Ihr wohnt im Körper, sagt 1. Korinther 6. Wisst ihr nicht, dass euer Leib der Tempel des Heiligen Geistes ist? Die Kraft des Heiligen Geistes ist natürlich etwas ganz, ganz Wesentliches.
Geht aber ein Gläubiger zu einem säkularen Psychologen oder Psychiater, kann dieser mit dem Begriff „Heiliger Geist“ und seiner Wirkung im Leben eines Gläubigen oft nichts anfangen. Für ihn ist das Phantasie. Dabei ist das etwas ganz Wesentliches, wenn es um Psychologie für einen Christen geht.
Also haben wir hier schon mal ein kleines Licht auf das, was in den kommenden Tagen noch kommen wird.
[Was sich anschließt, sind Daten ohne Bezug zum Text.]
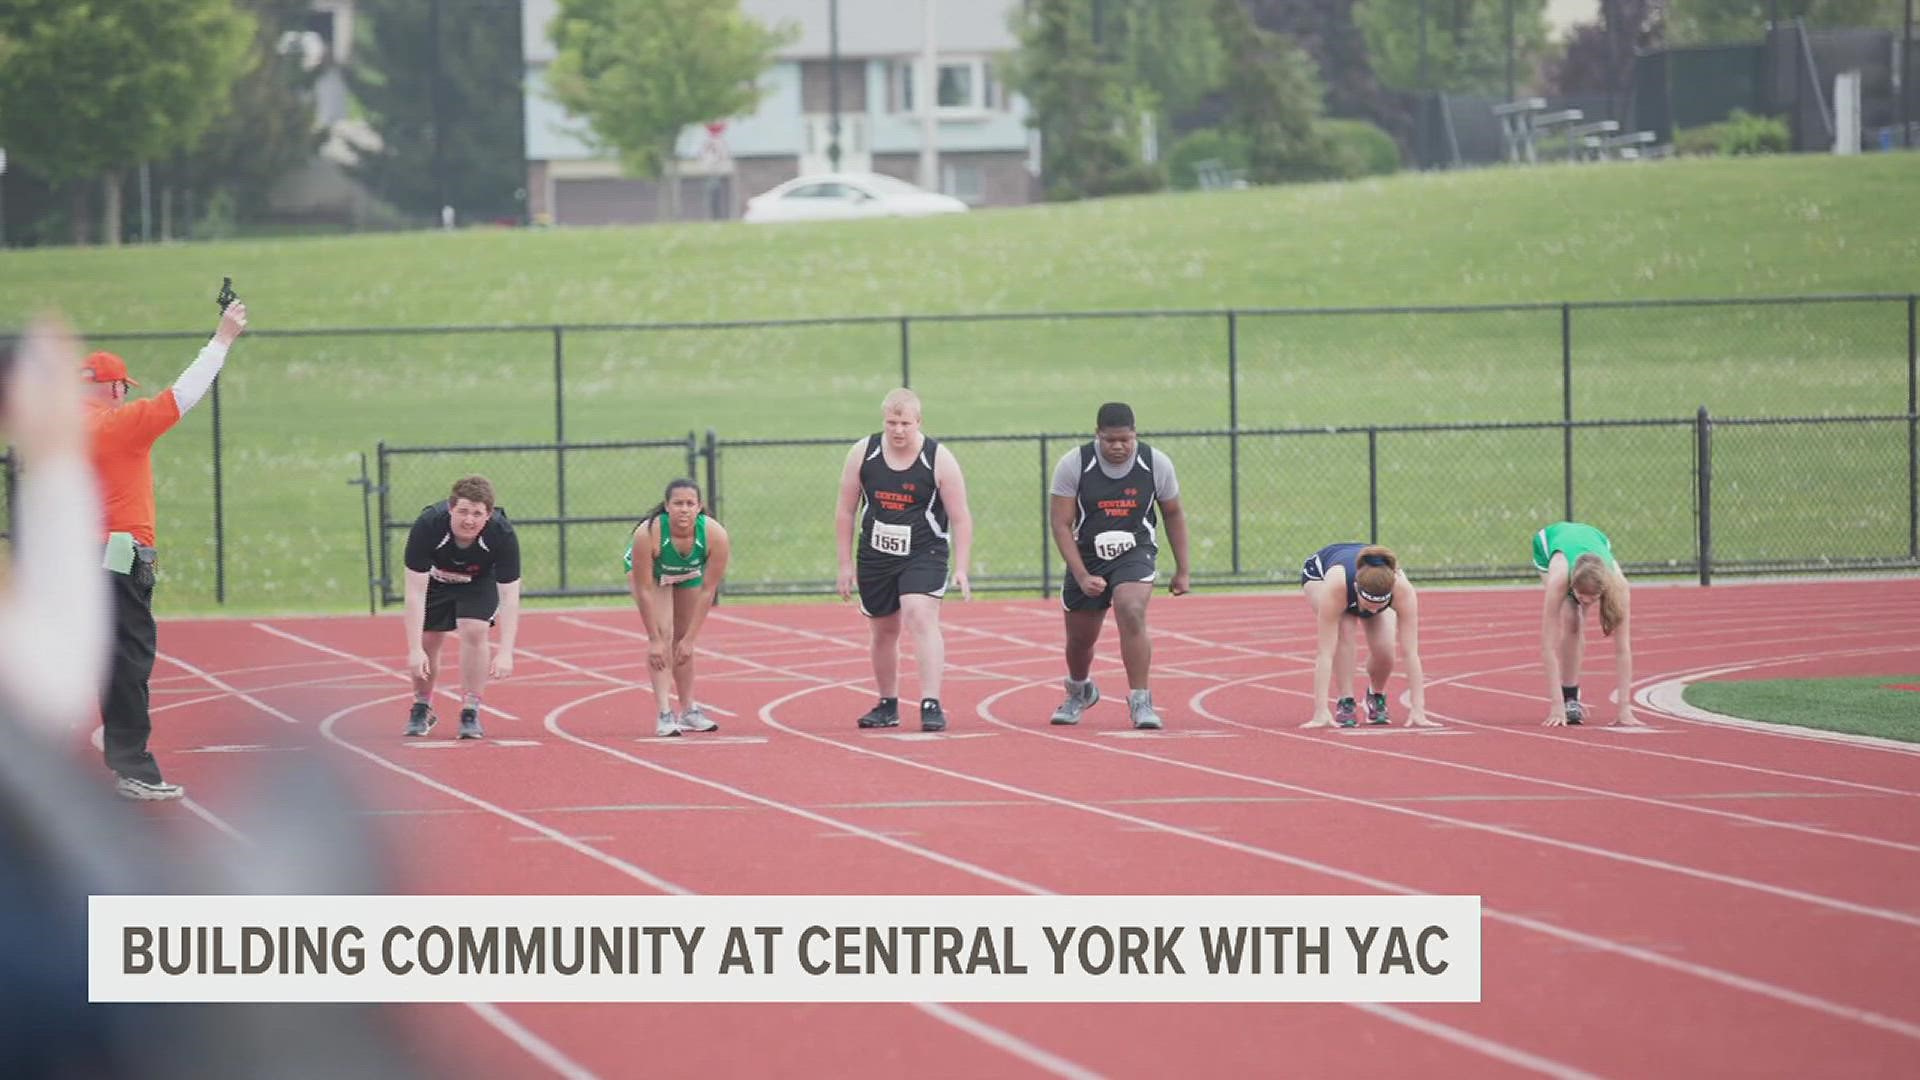 The student-led organization, which is affiliated with Special Olympics, creates a space for students of all abilities to connect, play sports, and more.

Wir werden sehen, was wir in den nächsten Tagen lernen. Denn diese Dinge sind recht kompliziert: Fleisch, Seele, Heiliger Geist, Körper und wie das alles zusammenwirkt.
Darum hat Gott uns dieses Bilderbuch gegeben, das Buch Esther. Es macht das Ganze so anschaulich, dass man es viel besser im Gedächtnis behält. Das ist der Grund, warum man sagen kann: Das Neue Testament ist im Alten verhüllt, und das Alte Testament ist im Neuen Testament enthüllt.
Dieses Zusammenspiel von Altem und Neuem Testament werden wir auf grandiose Art und Weise beim Studium des Buches Esther erleben.
Nun möchte ich ganz kurz noch etwas zum Namen Gottes sagen. Im Judentum hat es viel Mühe gemacht, dass es ein Buch in unserer Bibel gibt, das den Namen Gottes nie erwähnt. Die Antwort darauf kam, als jemand auf eine Illustration in 5. Mose 32,20 hinwies.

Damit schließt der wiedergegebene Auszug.